The idea of an areligious, ‘neutral’ civic space was not up to the task, he said, when it came to better reflection Australia’s religious diversity in its cultural, political, and economic institutions.
“There is no such thing as neutral; we don’t have a neutral society. We don’t have that in a fit.
“Diversity and harmony are required, and harmony requires some effort.”
While institutions such as the media showed little sign of becoming more reflective of the religious diversity of the populace, there were signs that some practices were changing to meet the needs of a changing people.
Prof Bouma said that, in his view, Federation Square in Melbourne was the most accommodating space to religious diversity, with thousands of Buddhists congregating in the space each years.
“There are Christian events (too). I just think the Christians are shy,” Prof Bouma said.
He also gave the example of the Rod Laver arena being used in 2001 for a public interfaith event in the wake of the September 11 attacks, as an alternative to the traditional Anglican or Catholic cathedrals, with each groups receiving the same time allocation in leading the service.
Popular concern about Muslims taking over large swathes of cities remained spurious, he said, based on census data showing there were no postcodes in Australia with a Muslim population greater than 25 per cent.

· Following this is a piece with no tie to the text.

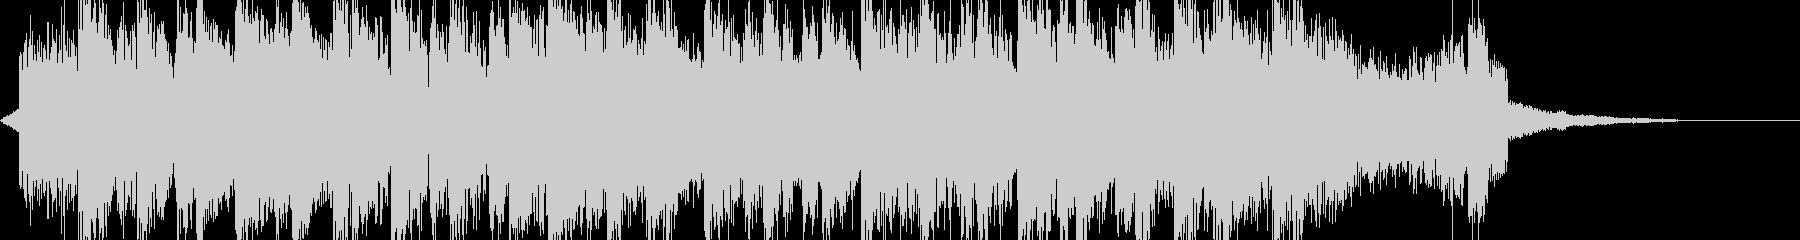 コミカルなドラムンベースの未再生の波形

Regional cities and towns in Victoria were leading the way in embracing diversity – both ethnic and religious – particularly in Bendigo, where the “wonderful organisation” Believing in Bendigo promoted the celebration of religious diversity and not its privatisation.
In the 2011 census, there was an increase in the number of people not reporting a Christian faith, from 36.1 per cent in 2006 to 38.9 per cent.